[Data for this task]

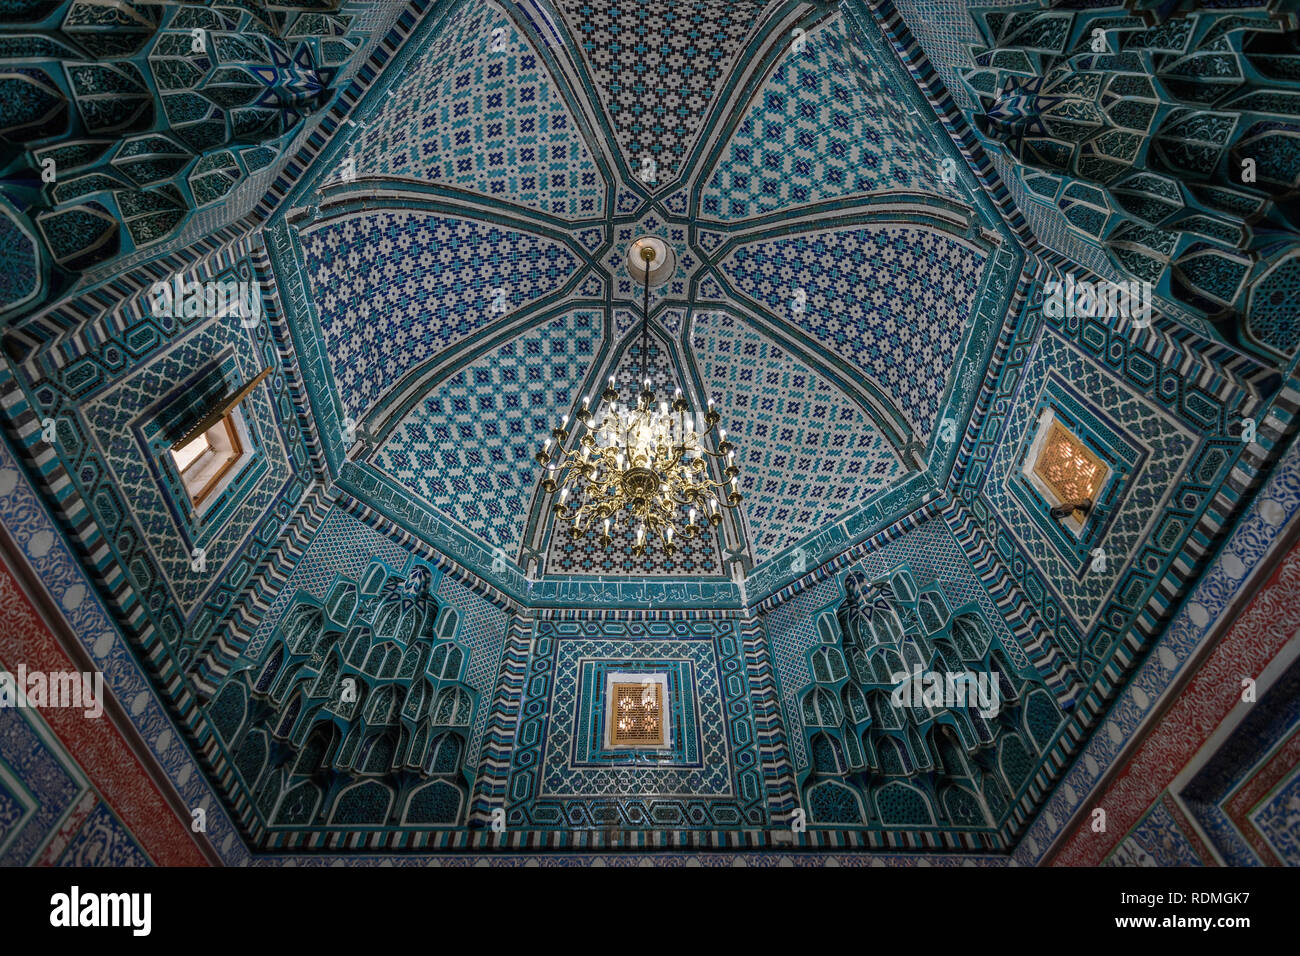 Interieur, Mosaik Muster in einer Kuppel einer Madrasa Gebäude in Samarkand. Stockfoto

[/Data for this task]
[Data for this task]

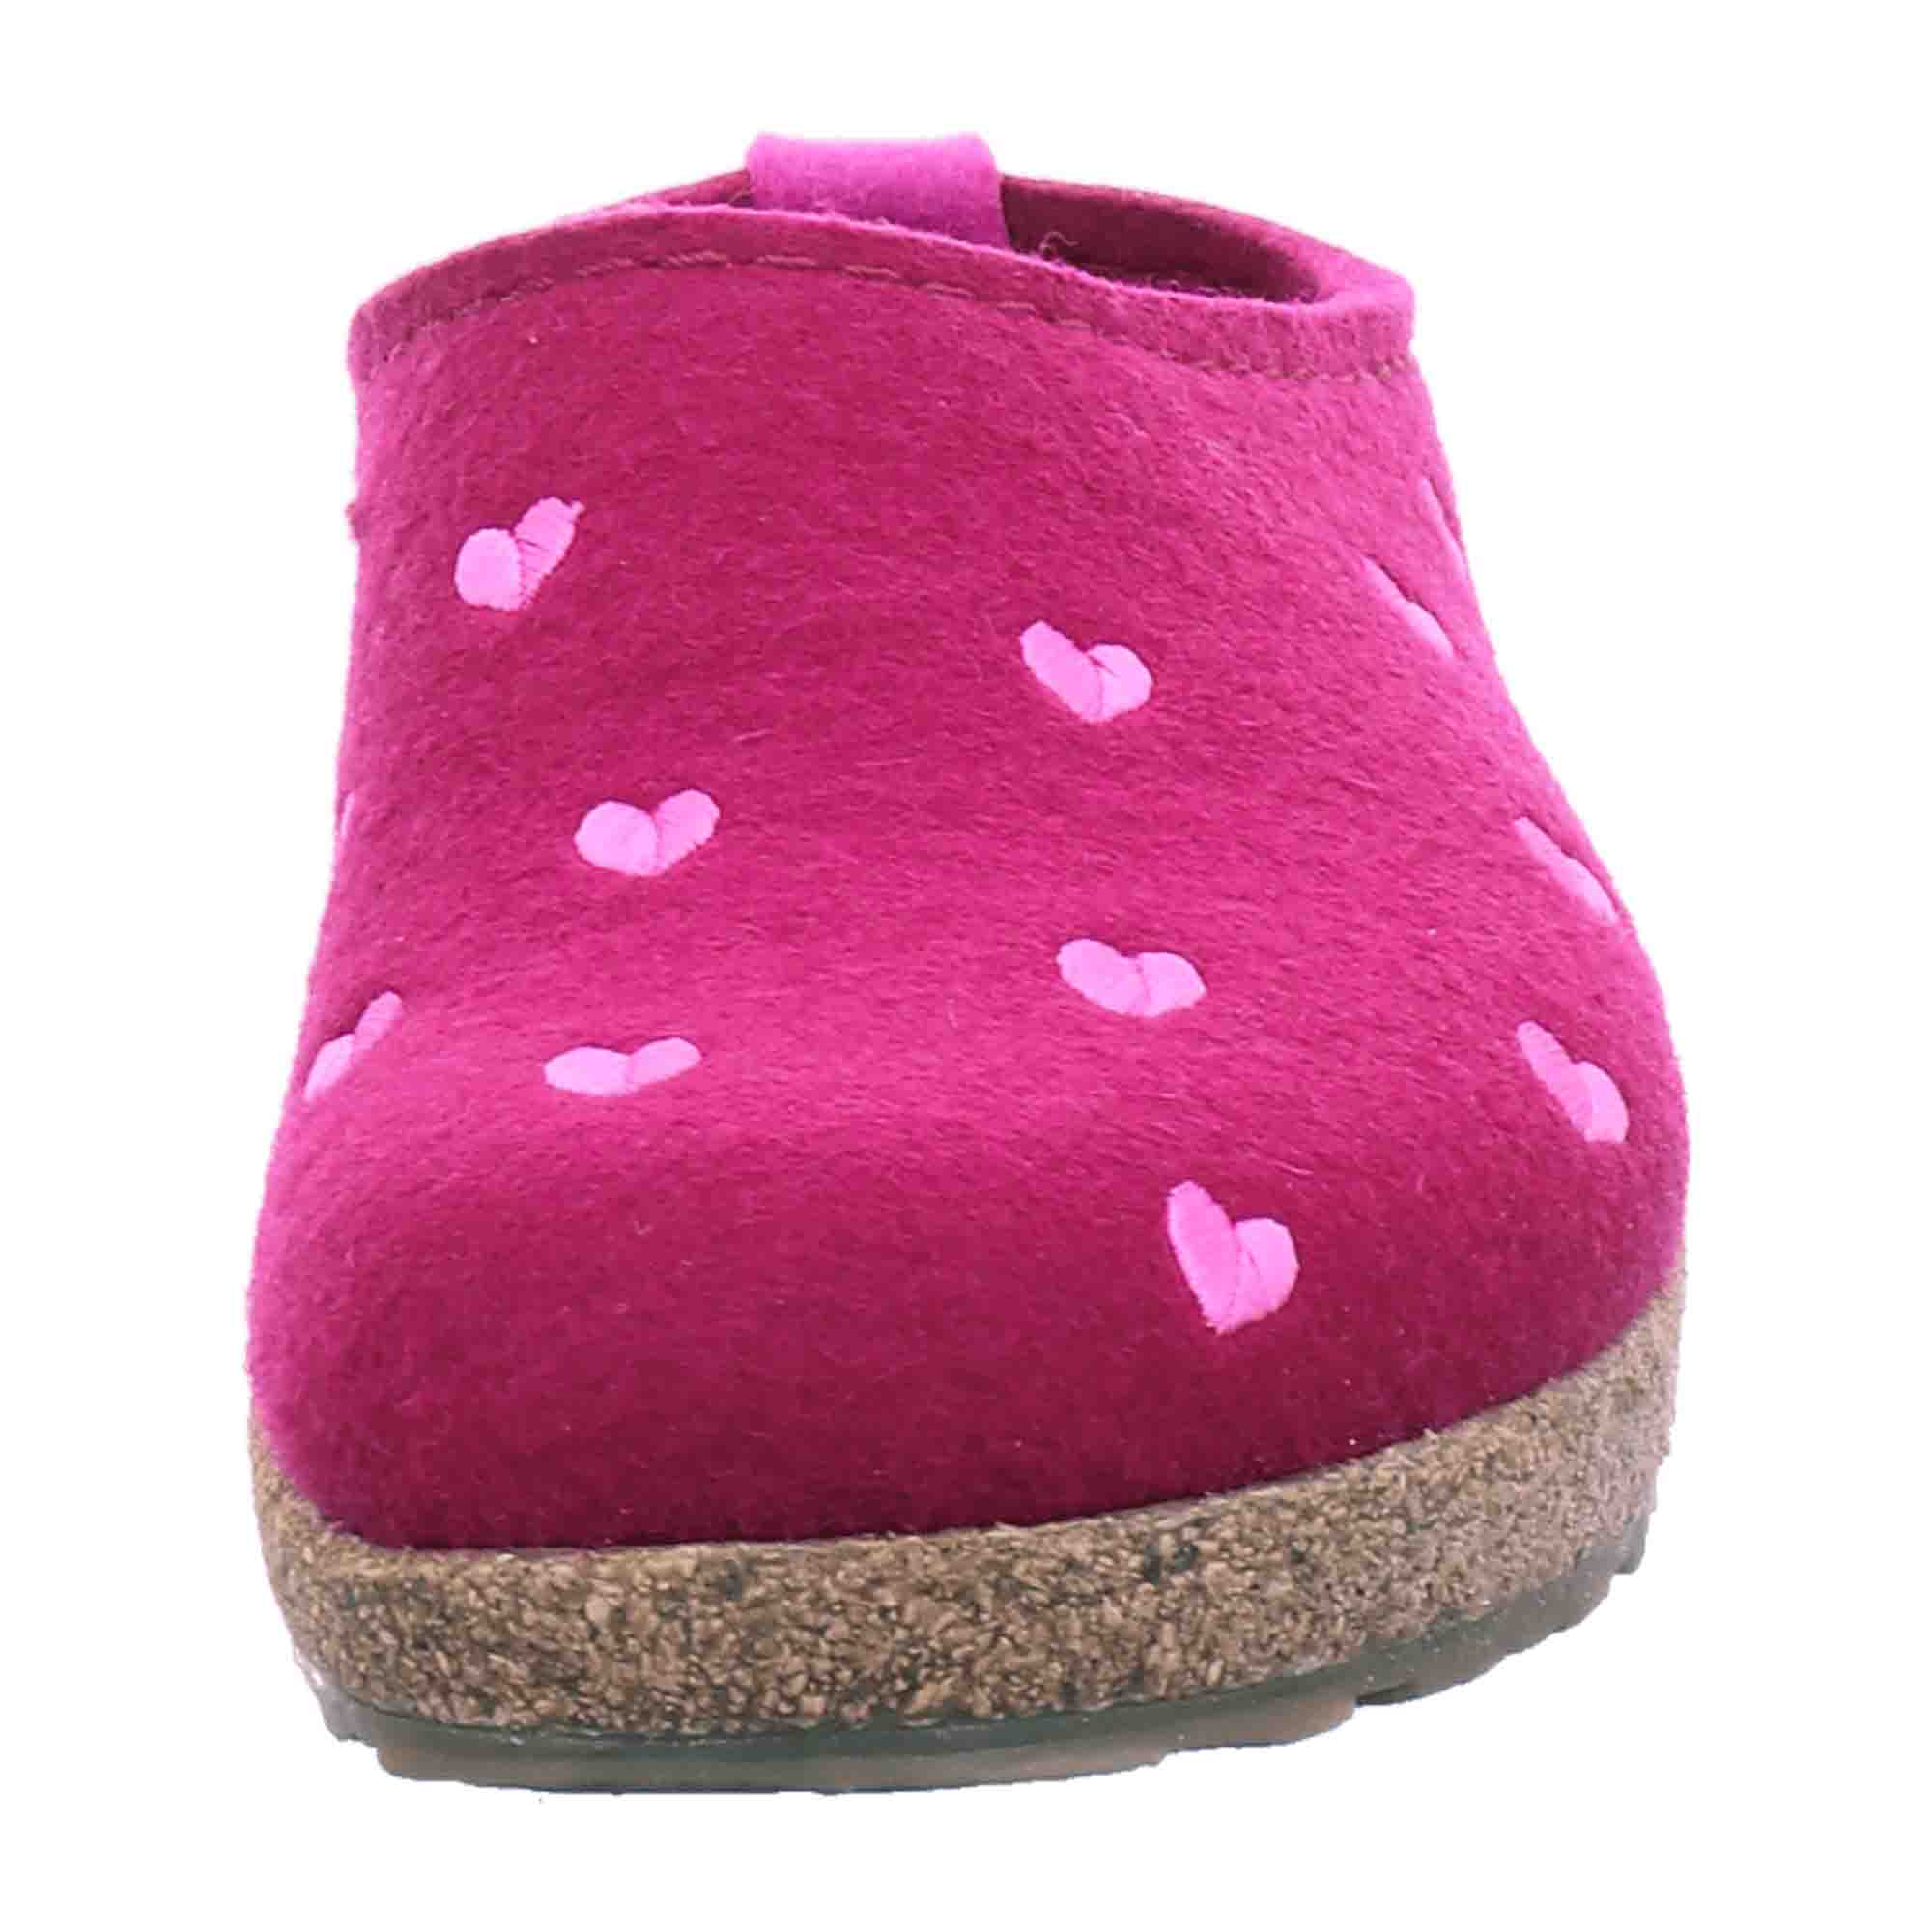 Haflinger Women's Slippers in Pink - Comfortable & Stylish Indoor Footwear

[/Data for this task]
[Data for this task]

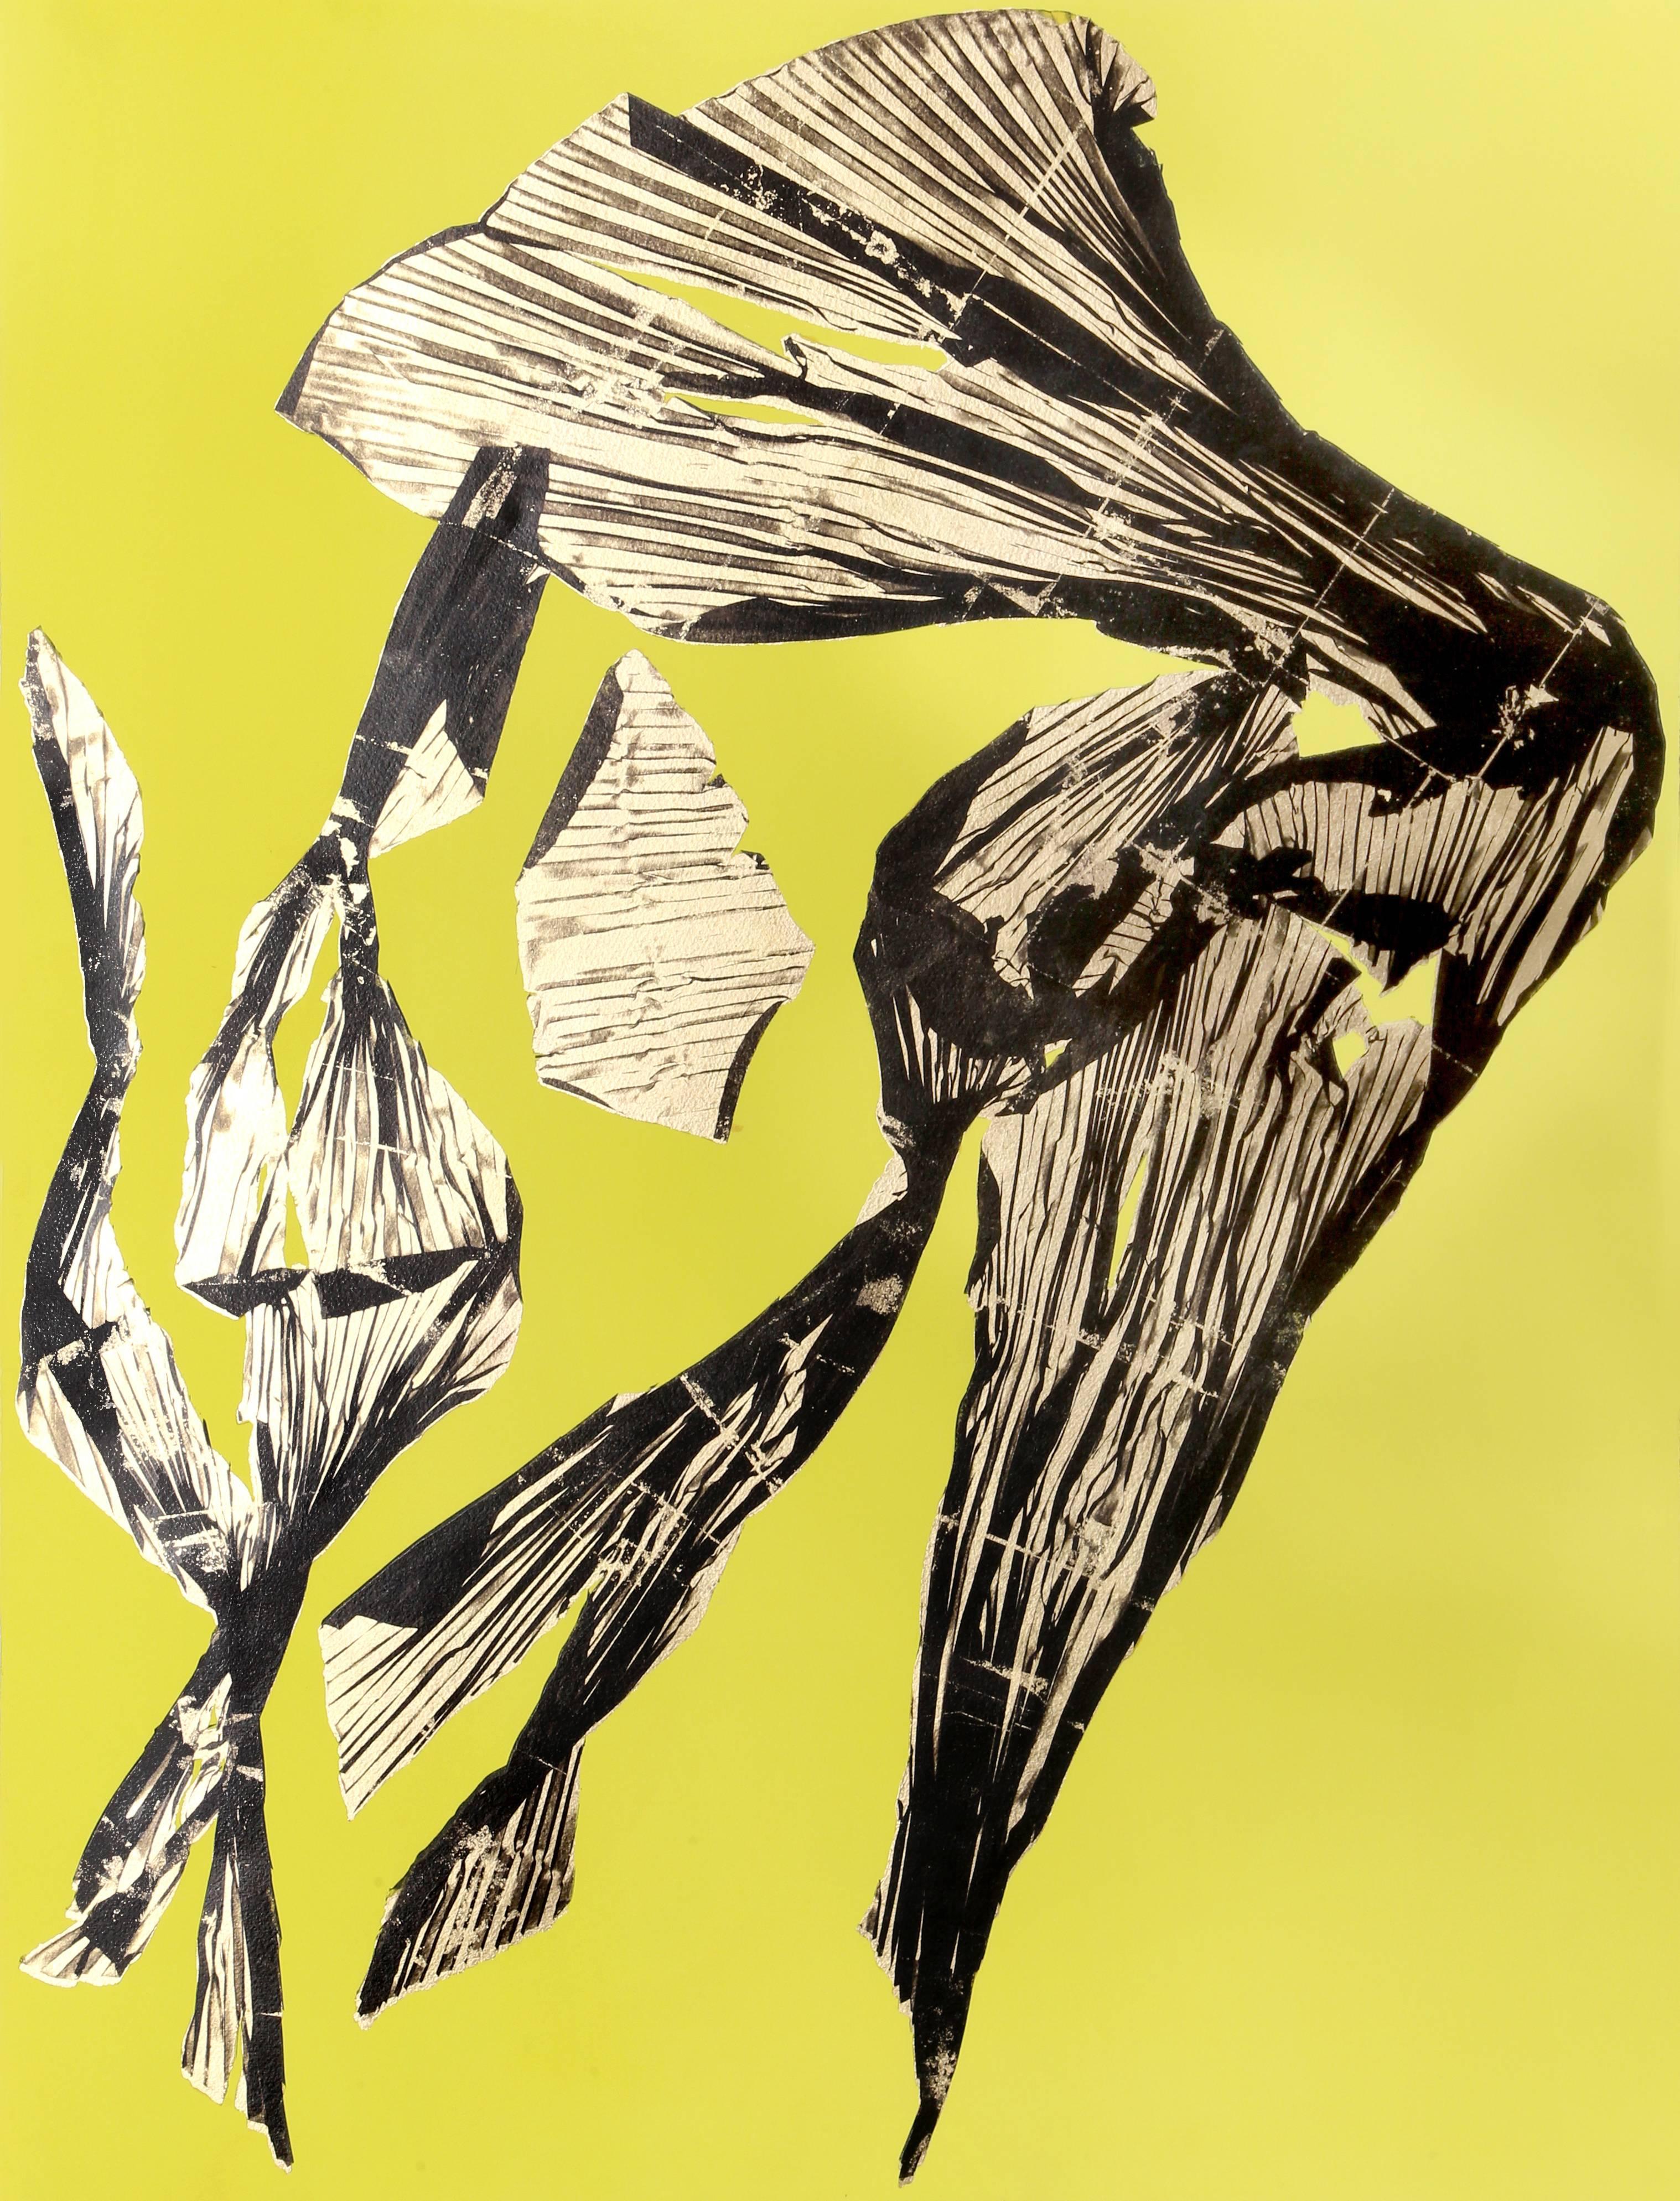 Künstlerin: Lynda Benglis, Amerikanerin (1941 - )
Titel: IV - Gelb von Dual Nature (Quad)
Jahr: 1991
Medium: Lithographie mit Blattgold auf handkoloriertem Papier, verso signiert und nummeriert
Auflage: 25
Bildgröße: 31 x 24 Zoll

[/Data for this task]

Everything from the line with "Künstlerin: Lynda Benglis, Amerikanerin" down to the line with "Bildgröße: 31 x 24 Zoll" in the data above should be copied exactly, with both end lines kept and the pictures left out.

 Künstlerin: Lynda Benglis, Amerikanerin (1941 - )
Titel: IV - Gelb von Dual Nature (Quad)
Jahr: 1991
Medium: Lithographie mit Blattgold auf handkoloriertem Papier, verso signiert und nummeriert
Auflage: 25
Bildgröße: 31 x 24 Zoll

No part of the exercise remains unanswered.